Right. The tick can see either the lazy resched bit "ignored" or some
magic "RCU needs a quiescent state" and force a reschedule.

> 	Plus...
>
> 3.	For nohz_full CPUs that run for a long time in the kernel,
> 	there are no scheduling-clock interrupts.  RCU reaches for
> 	the resched_cpu() hammer a few jiffies into the grace period.
> 	And it sets the ->rcu_urgent_qs flag so that the holdout CPU's
> 	interrupt-entry code will re-enable its scheduling-clock interrupt
> 	upon receiving the resched_cpu() IPI.

You can spare the IPI by setting NEED_RESCHED on the remote CPU which
will cause it to preempt.

> 	So nohz_full CPUs should be OK as far as RCU is concerned.
> 	Other subsystems might have other opinions.
>
> 4.	As another optimization, kvfree_rcu() could unconditionally
> 	check preempt_count() to sense a clean environment suitable for
> 	memory allocation.

Correct. All the limitations of preempt count being useless are gone.
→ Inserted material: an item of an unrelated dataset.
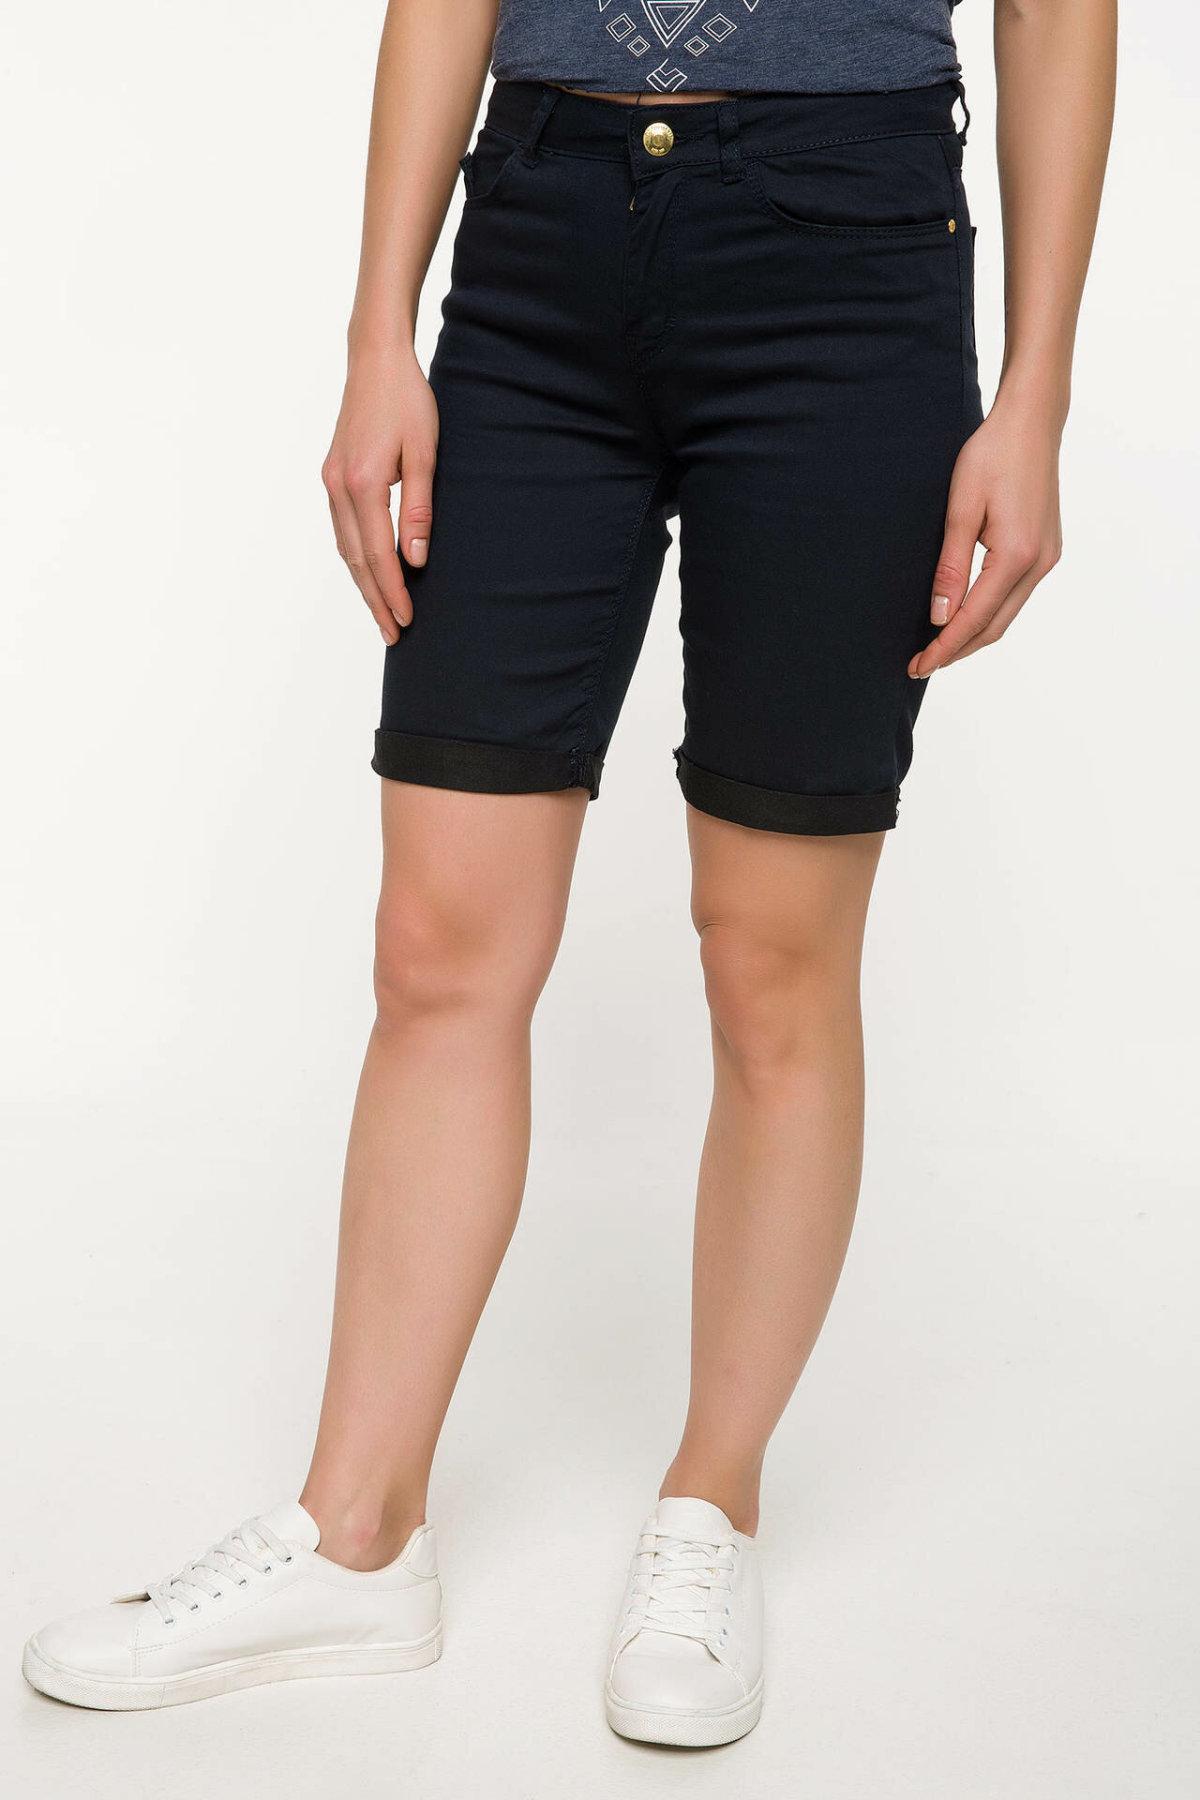 DeFacto Fashion Skinny Pink Casual Mid-waist Shorts Woman Summer Breathable Woven Bottom Short PantsBermuda I4257AZ18SMPN141-I4257AZ18SM

> 5.	Kconfig files with "select TASKS_RCU if PREEMPTION" must
> 	instead say "select TASKS_RCU".  This means that the #else
> 	in include/linux/rcupdate.h that defines TASKS_RCU in terms of
> 	vanilla RCU must go.  There might be be some fallout if something
> 	fails to select TASKS_RCU, builds only with CONFIG_PREEMPT_NONE=y,
> 	and expects call_rcu_tasks(), synchronize_rcu_tasks(), or
> 	rcu_tasks_classic_qs() do do something useful.

In the end there is no CONFIG_PREEMPT_XXX anymore. The only knob
remaining would be CONFIG_PREEMPT_RT, which should be renamed to
CONFIG_RT or such as it does not really change the preemption
model itself. RT just reduces the preemption disabled sections with the
lock conversions, forced interrupt threading and some more.

> 6.	You might think that RCU Tasks (as opposed to RCU Tasks Trace
> 	or RCU Tasks Rude) would need those pesky cond_resched() calls
> 	to stick around.  The reason is that RCU Tasks readers are ended
> 	only by voluntary context switches.  This means that although a
> 	preemptible infinite loop in the kernel won't inconvenience a
> 	real-time task (nor an non-real-time task for all that long),
> 	and won't delay grace periods for the other flavors of RCU,
> 	it would indefinitely delay an RCU Tasks grace period.
>
> 	However, RCU Tasks grace periods seem to be finite in preemptible
> 	kernels today, so they should remain finite in limited-preemptible
> 	kernels tomorrow.  Famous last words...

That's an issue which you have today with preempt FULL, right? So if it
turns out to be a problem then it's not a problem of the new model.

> 7.	RCU Tasks Trace, RCU Tasks Rude, and SRCU shouldn't notice
> 	any algorithmic difference from this change.
>
> 8.	As has been noted elsewhere, in this new limited-preemption
> 	mode of operation, rcu_read_lock() readers remain preemptible.
> 	This means that most of the CONFIG_PREEMPT_RCU #ifdefs remain.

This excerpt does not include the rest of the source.